Wednesday, October 10, 2018
Newburgh Open Studios was last month and one of the stops was Glenlily Grounds off Grand Avenue. The site featured 29 artist with works throughout the 11-acre property that incudes fields, steep hills, and a path through woods. Mediums included metal, acrylic, and more. One display was a group of carved stone faces by Renee Ludwiczak at the edge of a hill overlooking the Hudson River. Some faces hung on a tree or nestled in the base and trunk of a tree, while a grouping sat upright on flat stones. The works look like miniature expressions of the Moai statues of Easter Island, a remote region off the coast of South America.
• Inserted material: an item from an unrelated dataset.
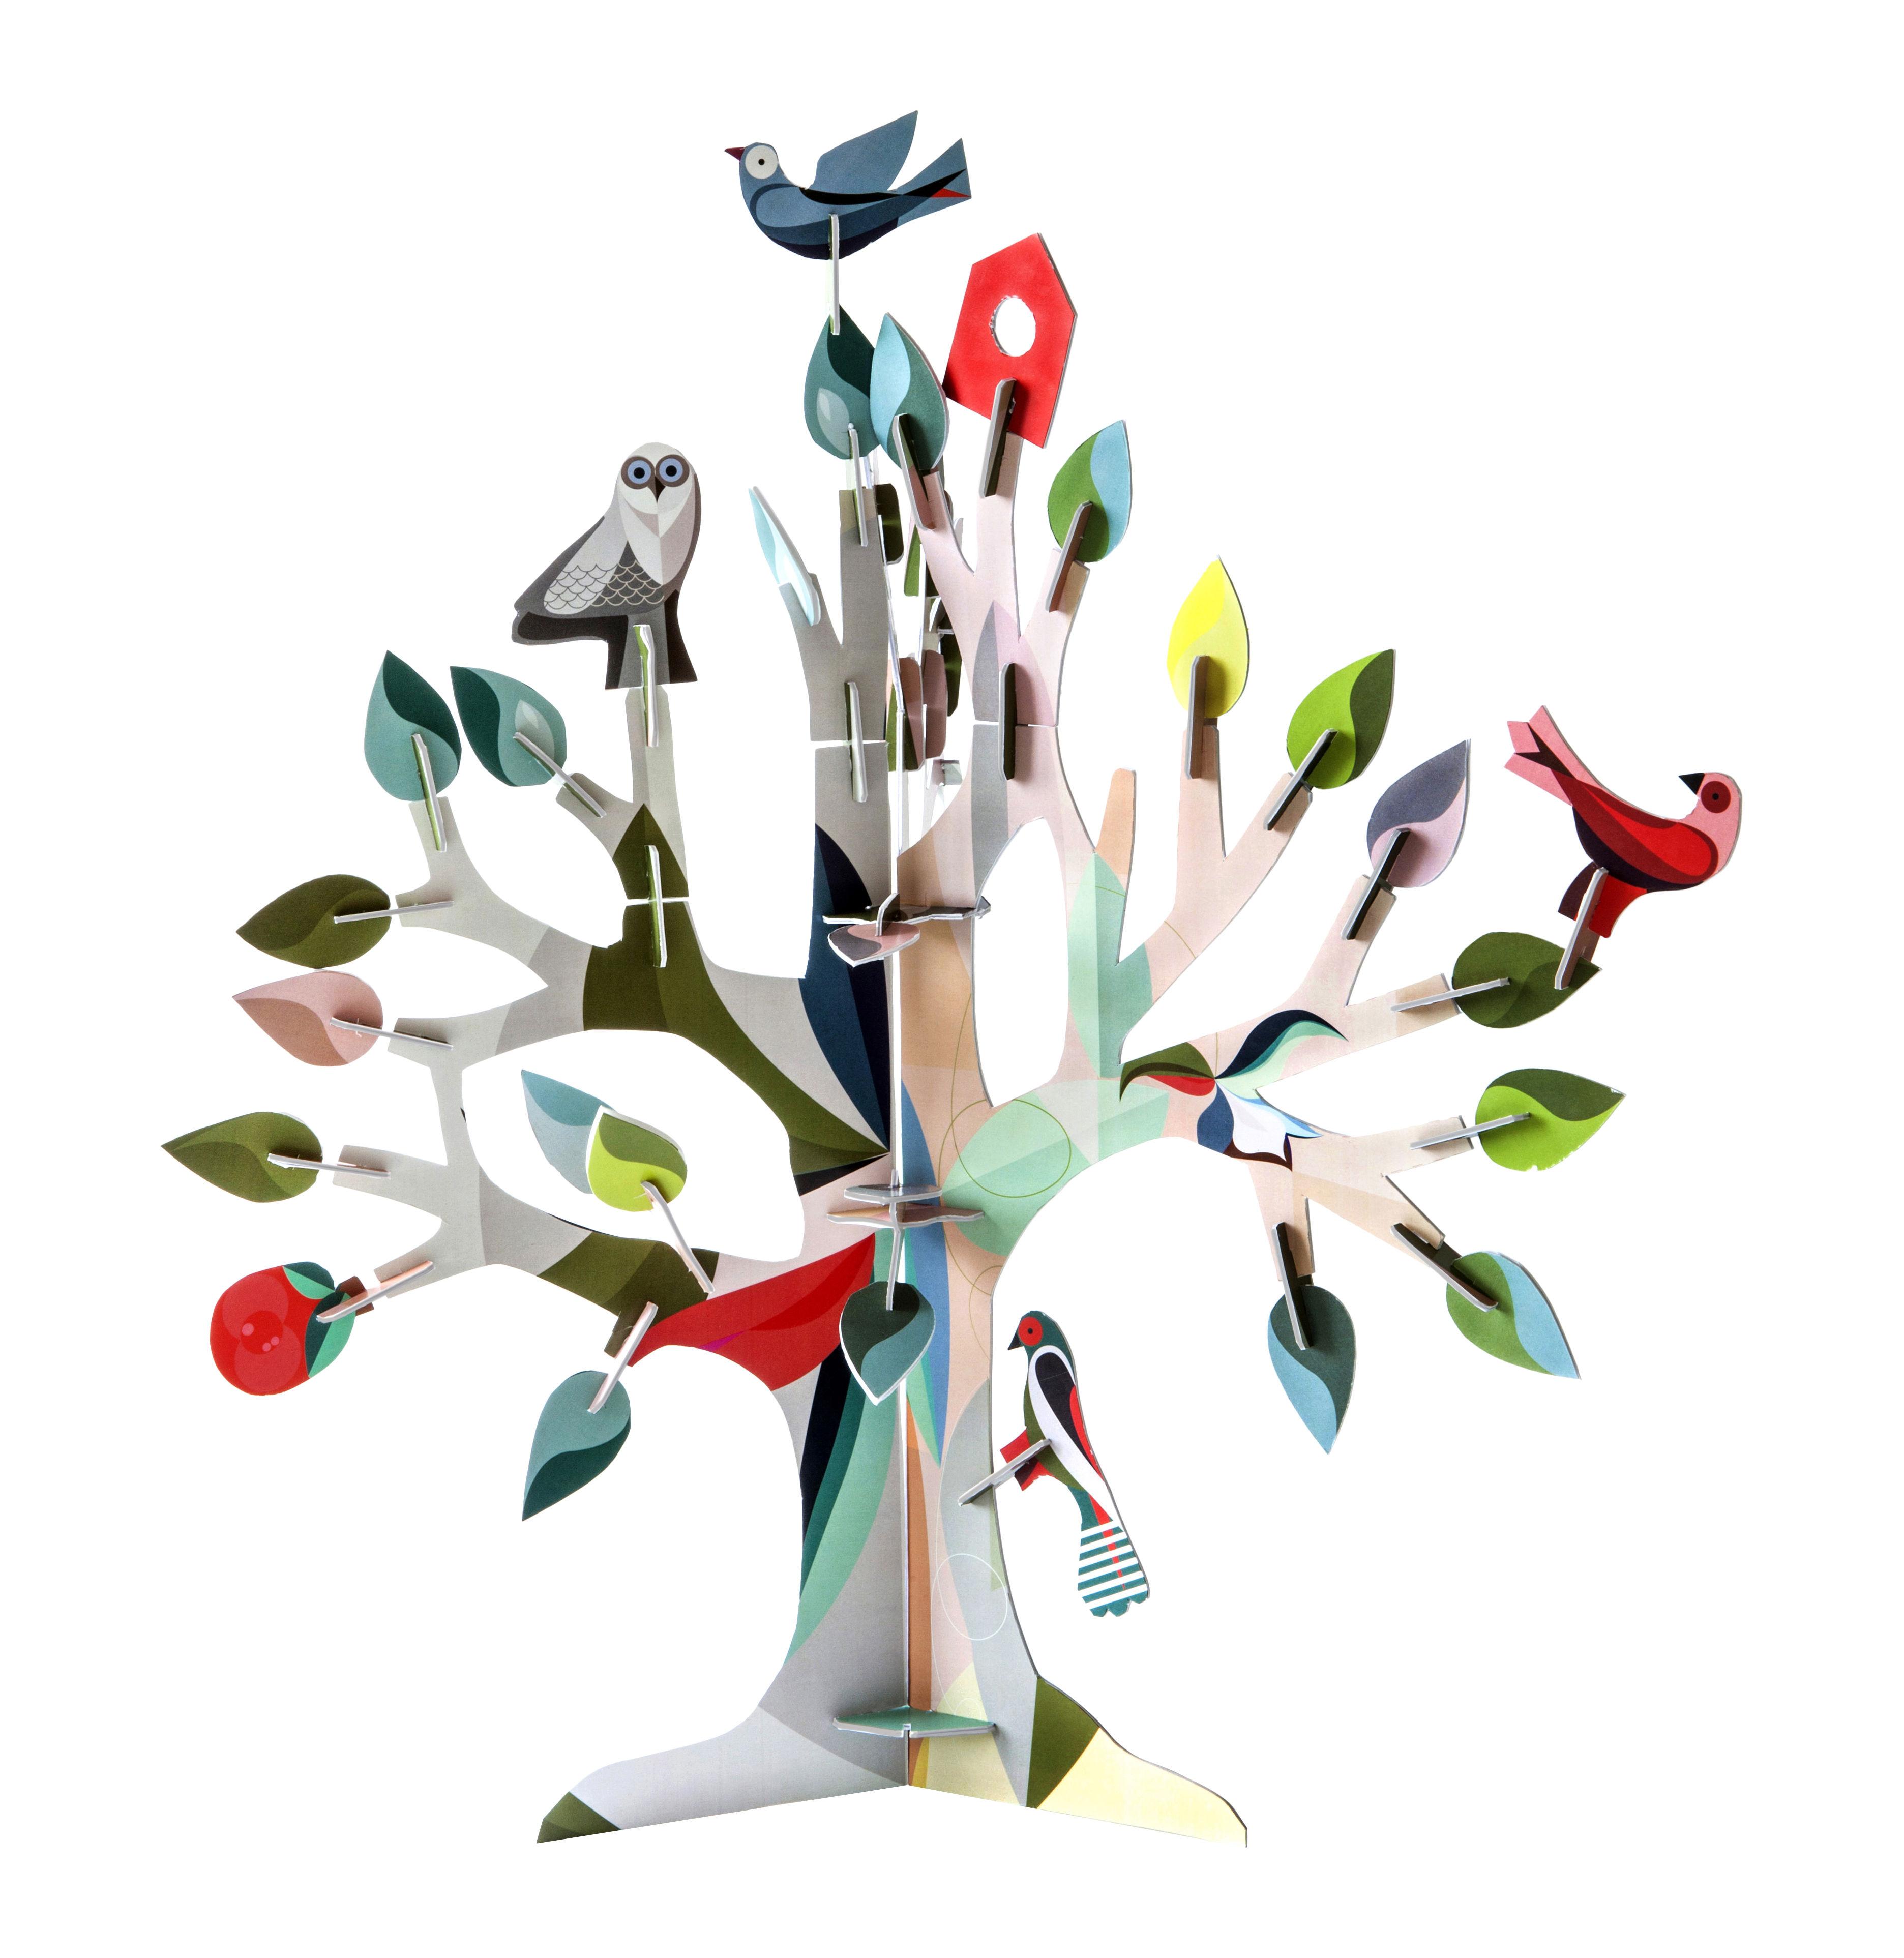 figurine construire totem arbre r ves carton arbre multicolore studio roof. Black Bedroom Furniture Sets. Home Design Ideas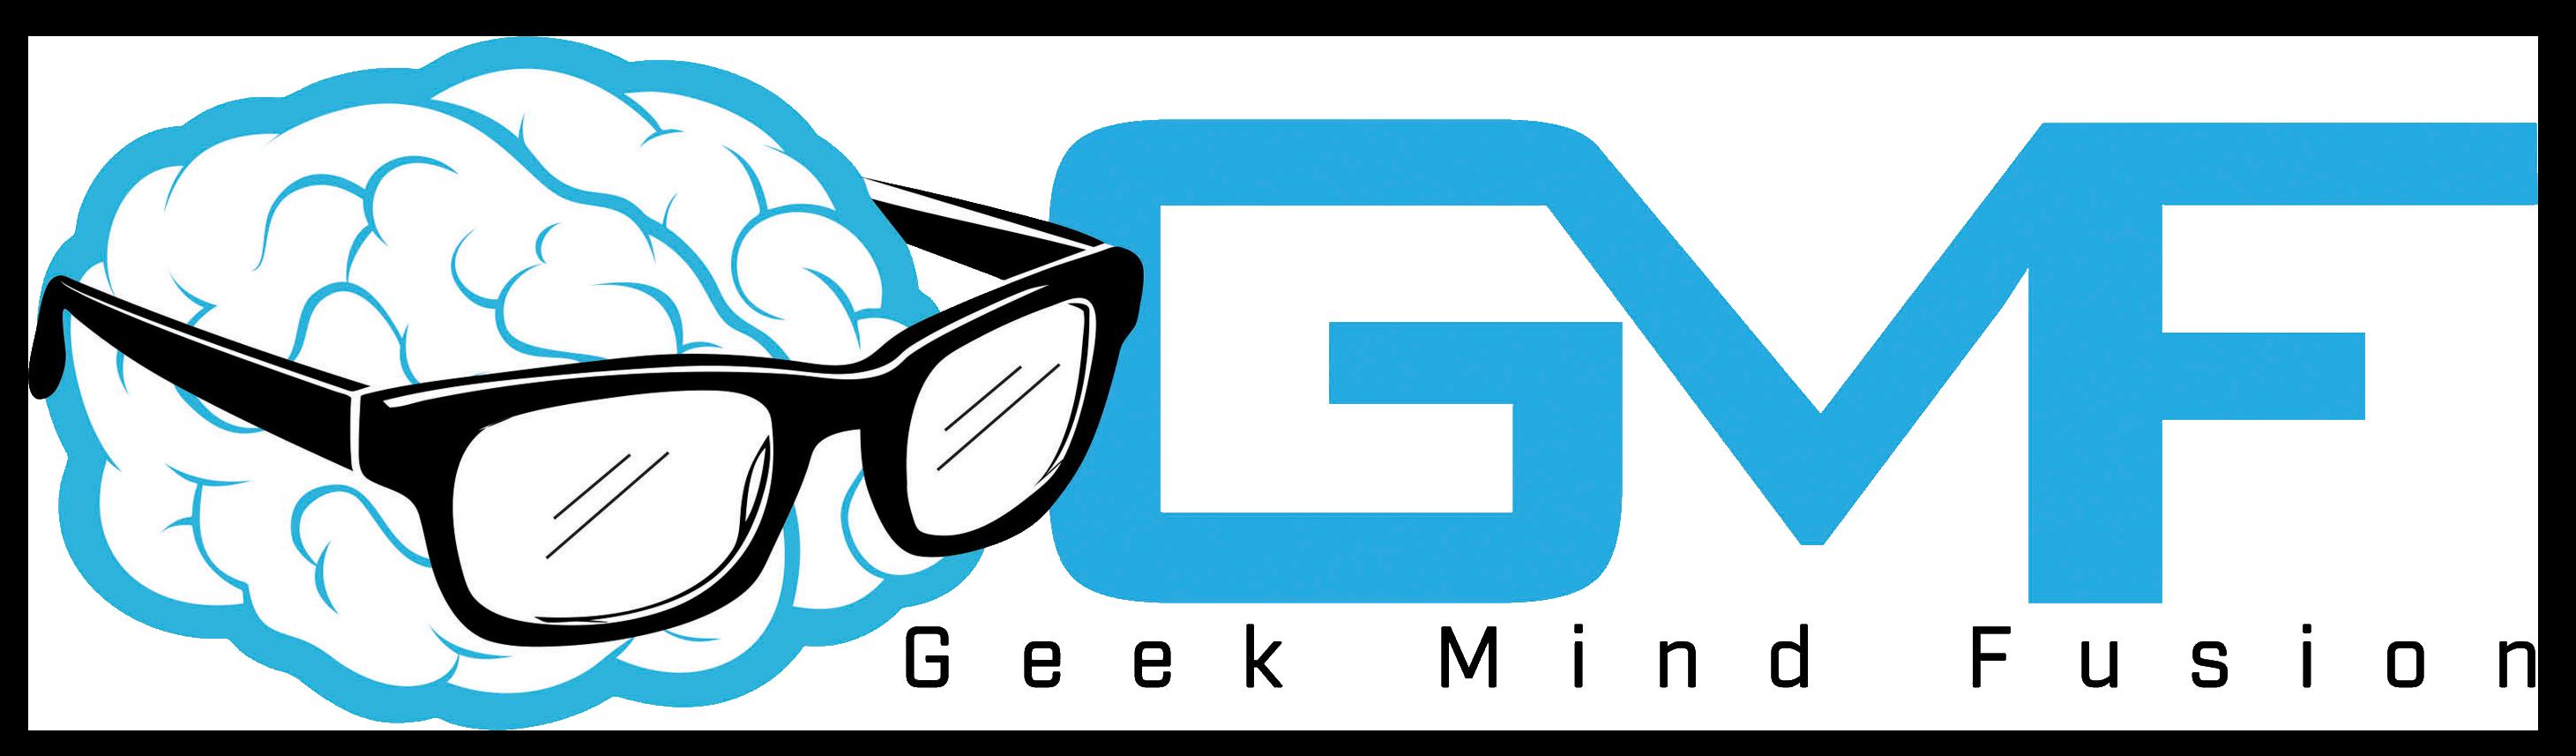 Geek Mind Fusion

Moai are large stone carvings shaped as humans. Over 900 statues have been found, the tallest measuring over 30 feet tall. The works are a spectacular feat considering they were created and transported between 1250AD and 1500AD. Just as Ludwiczak’s pieces were carved from different varieties of stone, Moai were formed from such materials as compressed volcanic ash, basalt and trachyte. Debate continues today as about how the statues were transported from a quarry where they originated. Theories extoll dozens of people rolling the statues across the ground on logs or “walking” them upright with ropes. Some statues found lying on the ground are thought to have fallen accidentally during their walk and could not be lifted back up. Researchers, puzzled by the existence of unfinished statues on this desolate island, seek to understand why people left. Land clearing, rat infestation, climate change and deforestation made the region unsustainable for agriculture, fishing, and farming, and the population was affected by Christian missionaries who encouraged natives to abandon their culture and customs.